The primary difference in public reaction to these cases lies in race, with Floyd being black and Timpa being white.
When Timpa called 911, he was in a state of mental distress and seeking help. Sadly, he encountered excessive force from the Dallas police officers and suffered a slow death. Similar to Floyd, Timpa was pinned face down for an extended duration of over 14 minutes.
Disturbingly, one of the officers involved in the incident, Dustin Dillard, was promoted and now holds the rank of Sr. Cpl., responsible for training rookie officers.

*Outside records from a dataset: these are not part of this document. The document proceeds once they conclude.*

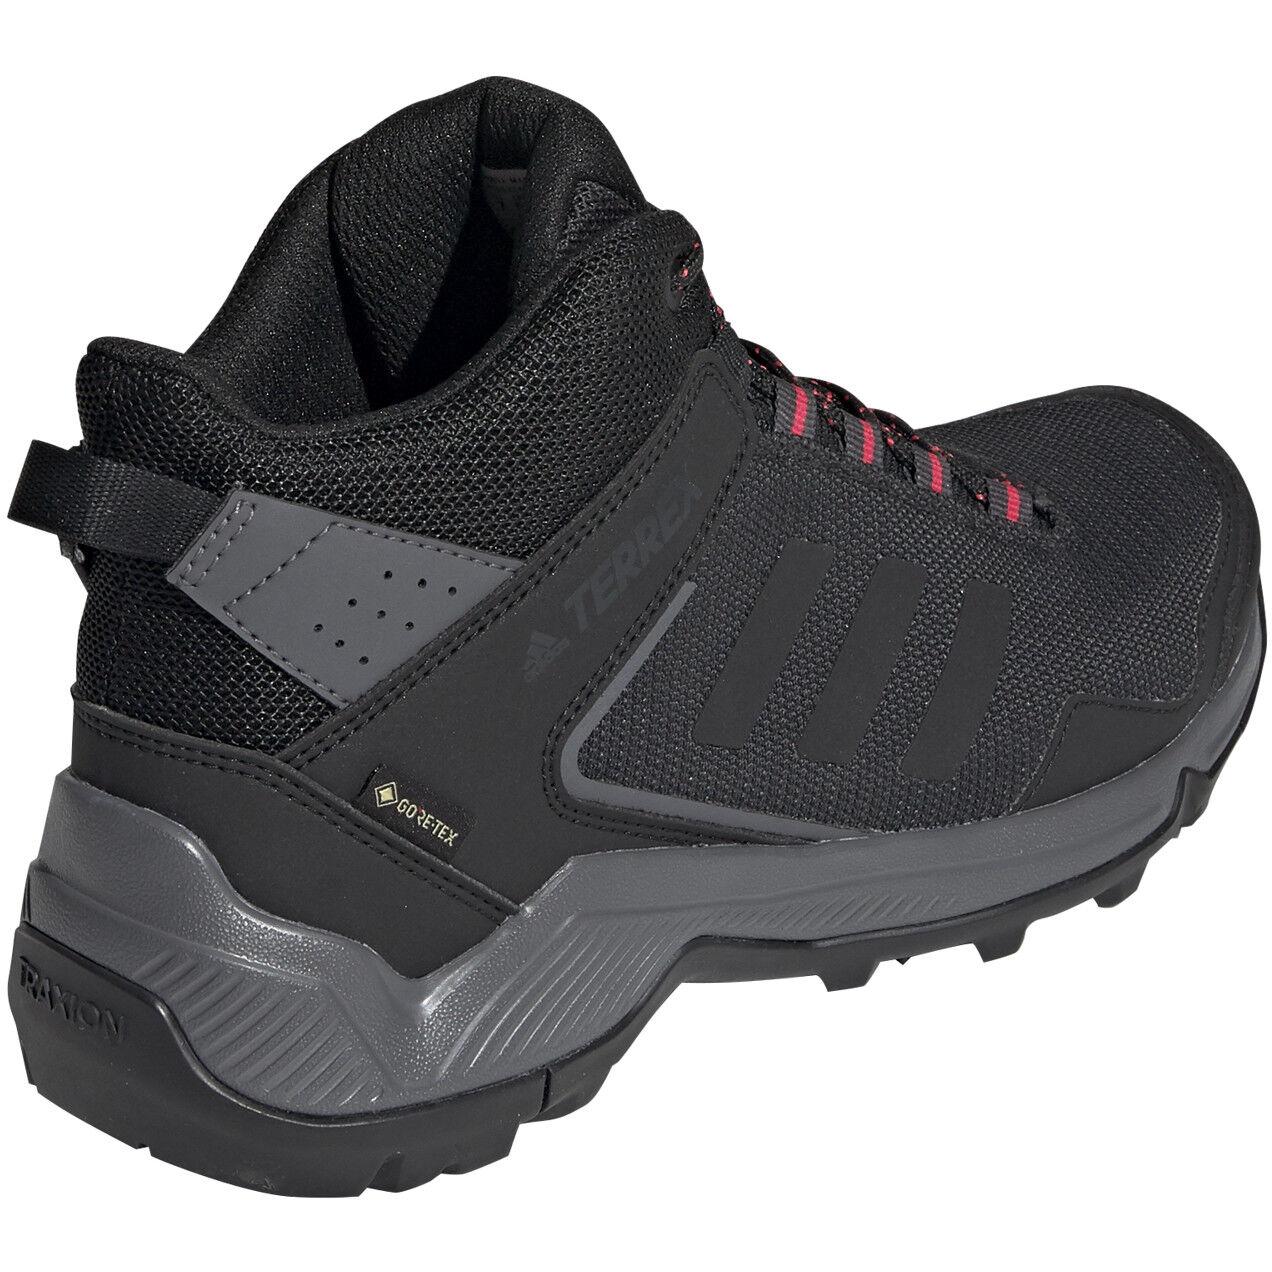 adidas ORIGINALS (Adidas) SUPERSTAR SLIP ON W (superstar slip ons) Lady's shoes sneakers CBLACKCBLACKFTWWHT (black white) S81337 ENDLESS TRIP
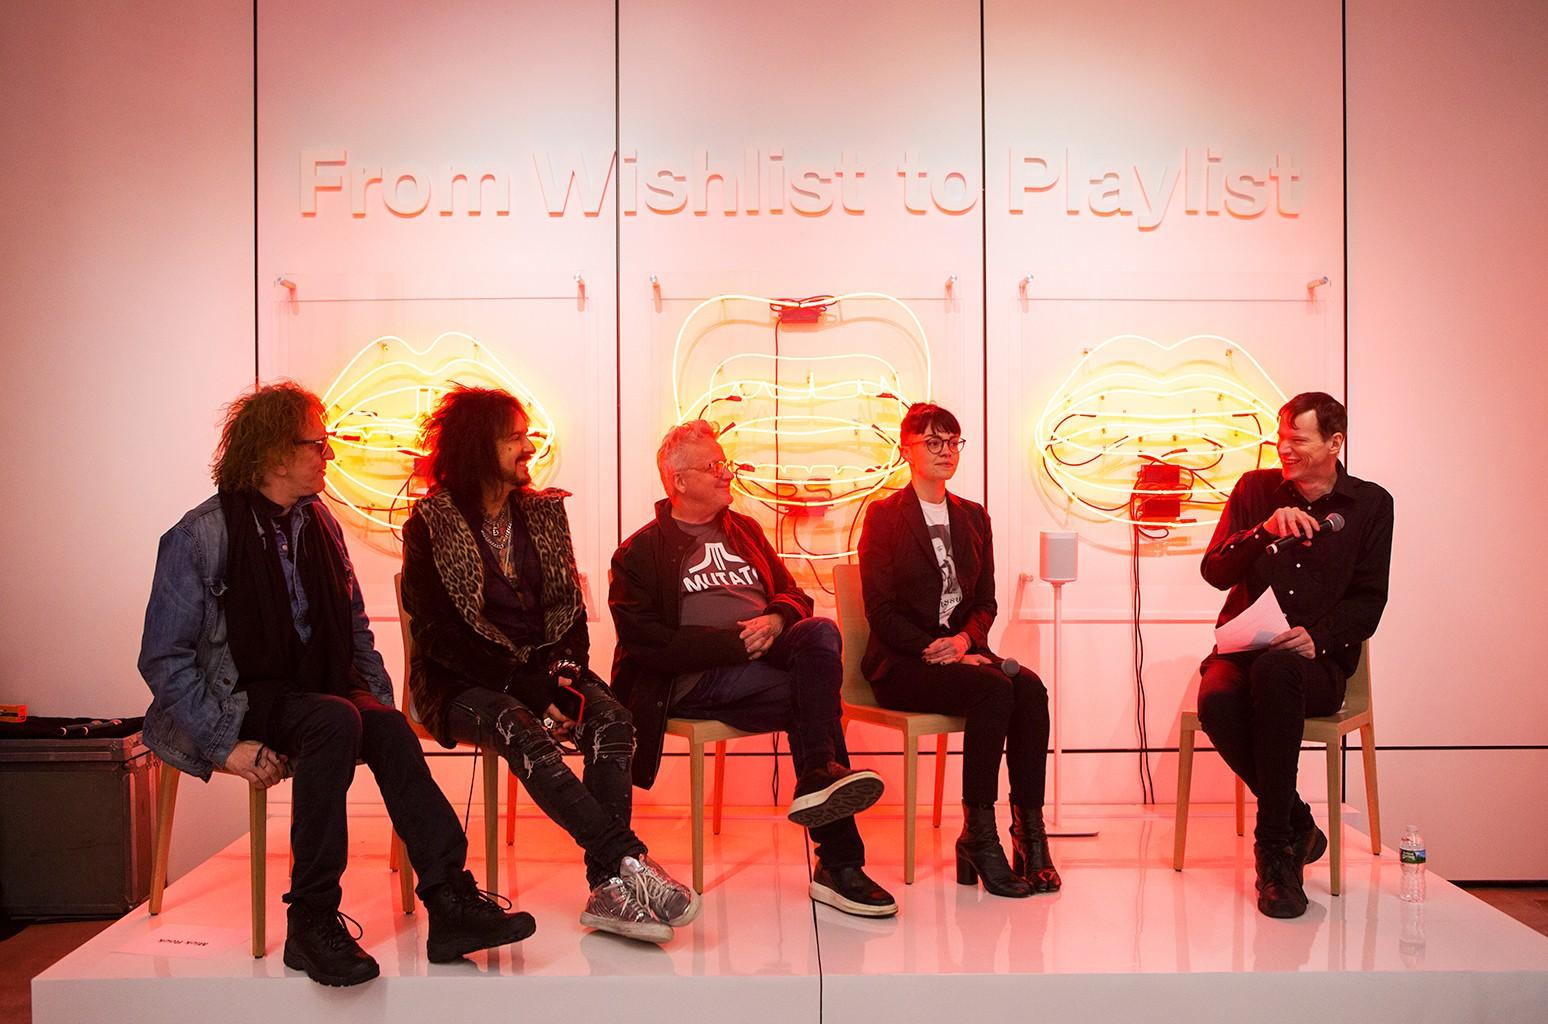 Mick Rock, Nikki Sixx, Mark Mothersbaugh, Meredith Graves, and Rob Sheffield
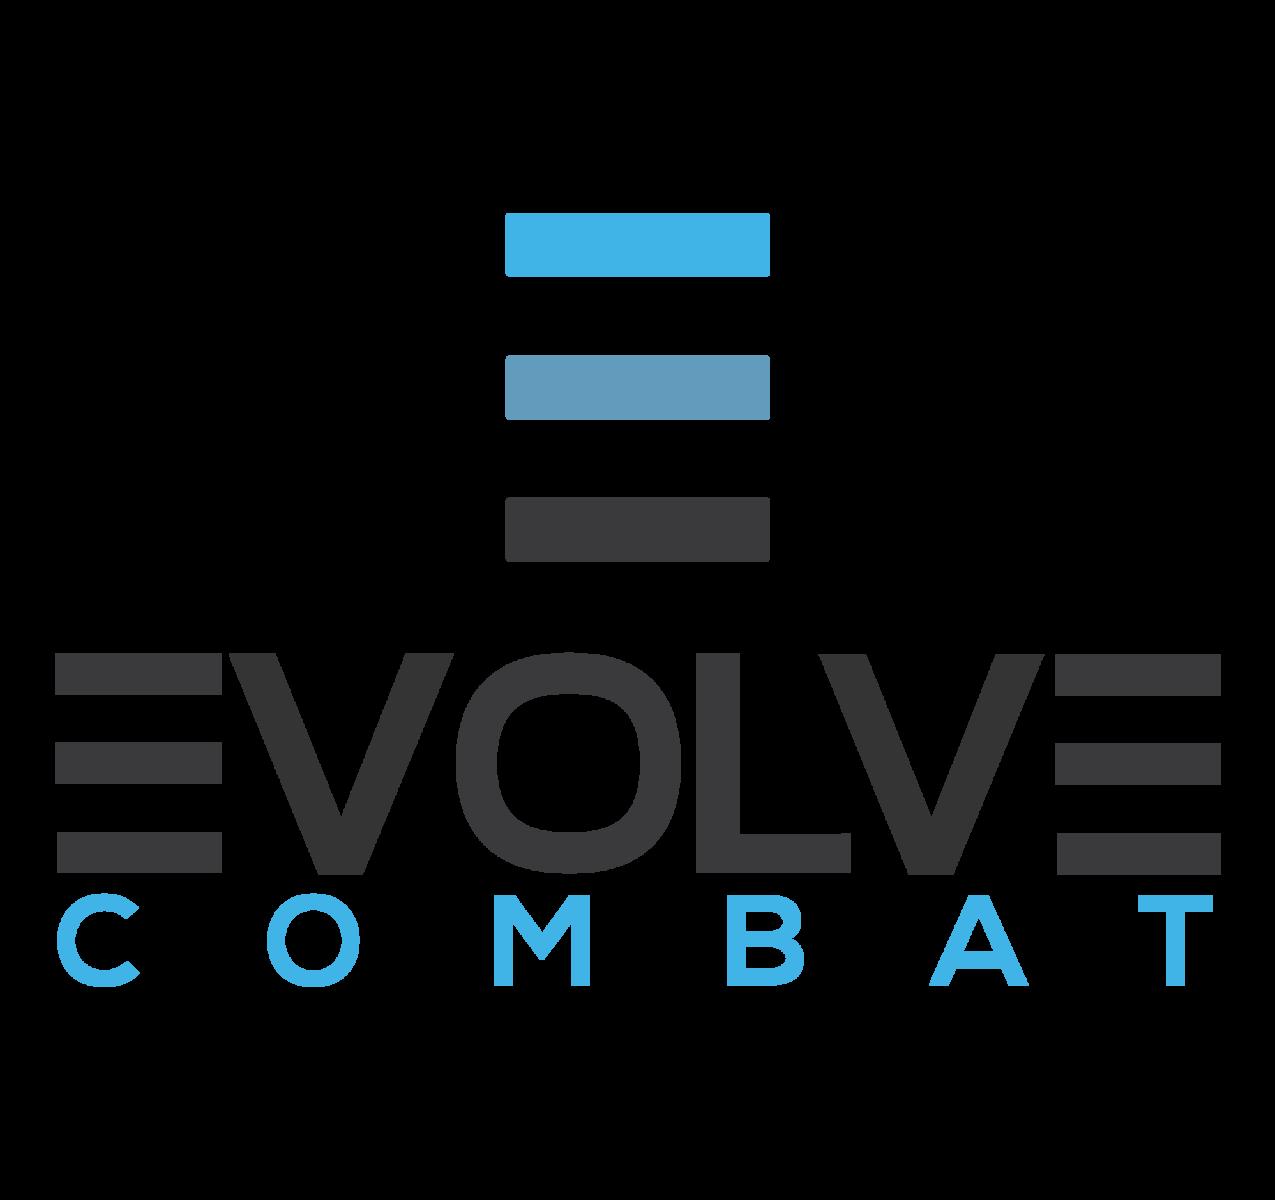 Evolve Combat
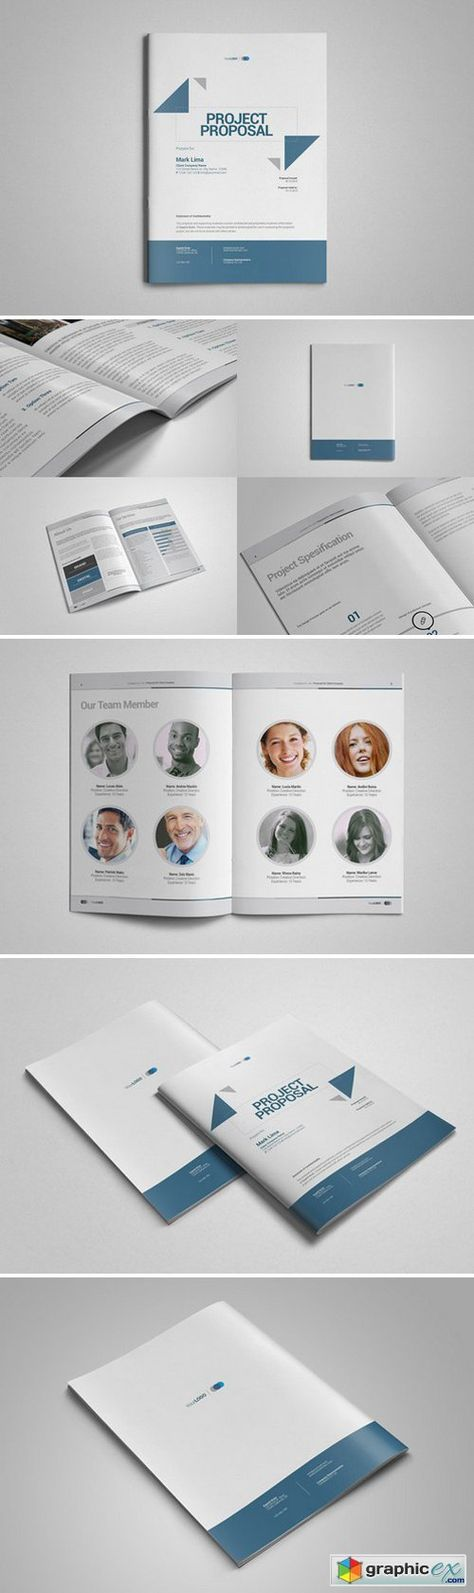 Elite Design ProposalMinimal and Professional Project Proposal - project proposal
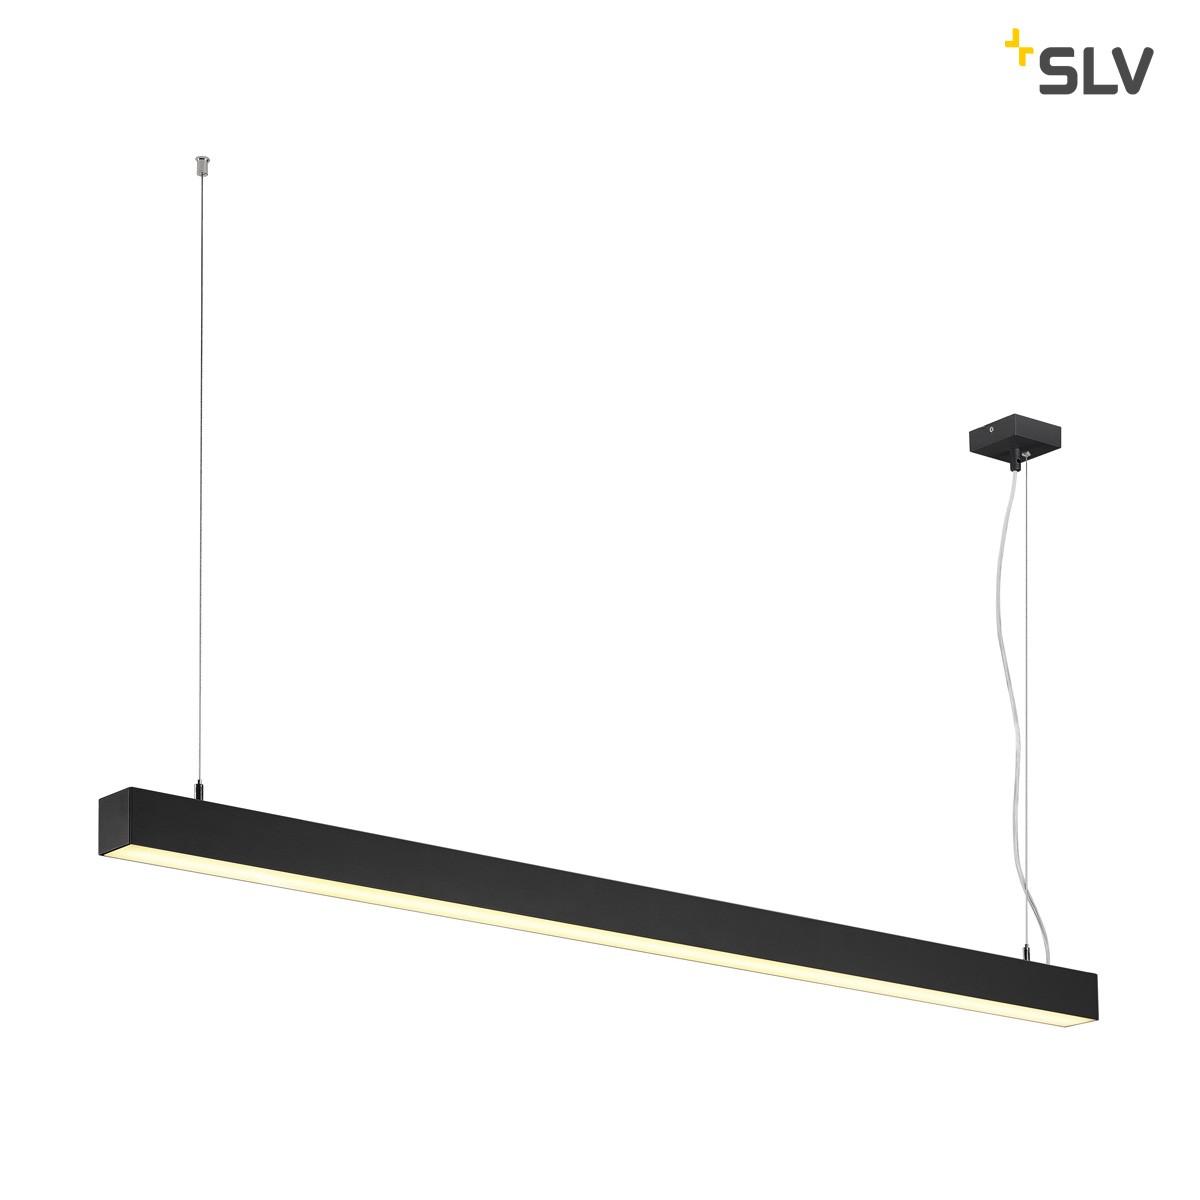 SLV Q-Line Single Pendelleuchte, schwarz
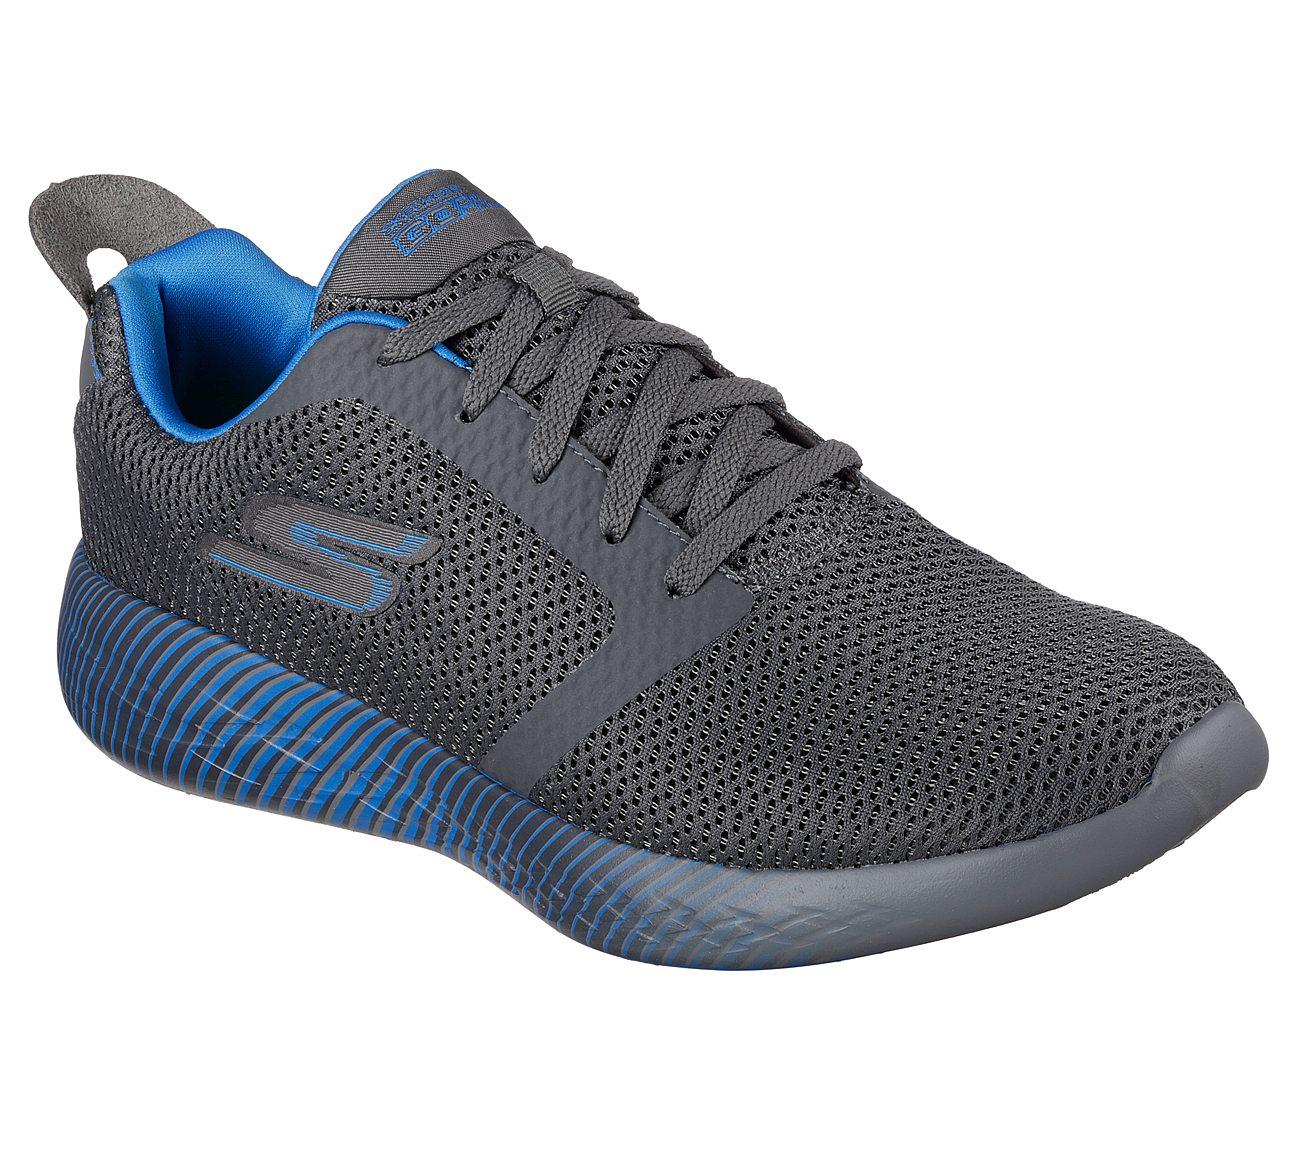 guerra esqueleto Ajuste  Buy SKECHERS Skechers GOrun 600 - Spectra Skechers Performance Shoes

On the evening of May 25, 2020, George Floyd was arrested in Minneapolis, Minnesota after a store clerk called the police to report suspected forgery. As the police arrived, Floyd reportedly swallowed a speedball, a combination of drugs including fentanyl and methamphetamine.
After resisting arrest for approximately 15 minutes, Floyd was eventually taken to the ground by police, where he subsequently died. An autopsy conducted on Floyd revealed he had fentanyl and methamphetamine in his system, as well as arteriosclerotic and hypertensive heart disease, hypertension, and sickle cell trait. Additionally, Floyd purportedly told officers that he had contracted COVID-19 and was still positive for the virus at the time of his arrest.
Dr. Andrew Baker, who conducted the official autopsy, stated that police restraint “in his opinion” was the primary cause of Mr. Floyd’s death, but he also noted drug use and heart disease as contributory factors.
It was determined the dose of fentanyl Floyd ingested was more than lethal. At the time of the arrest, the Minneapolis Police Department’s training materials included a protocol called the “Maximal Restraint Technique,” which involved officers placing a knee on a handcuffed subject’s neck. This exact restraint was used on Floyd.
In a side-by-side comparison between the Minneapolis police handbook and the picture of the officers retraining George Floyd, the images match up almost exactly.
Derek Chauvin was sentenced to a total of 40 years in prison for the death of George Floyd. Chauvin could serve a minimum of 10 years in prison before becoming eligible for parole. According to the New York Times, the judge noted that the sentence should “reflect the gravity of the offense,” and that Chauvin should “never again be allowed to pose a threat to public safety.” Therefore, it is likely that Chauvin will serve the full 40 years in prison, unless he is granted parole early.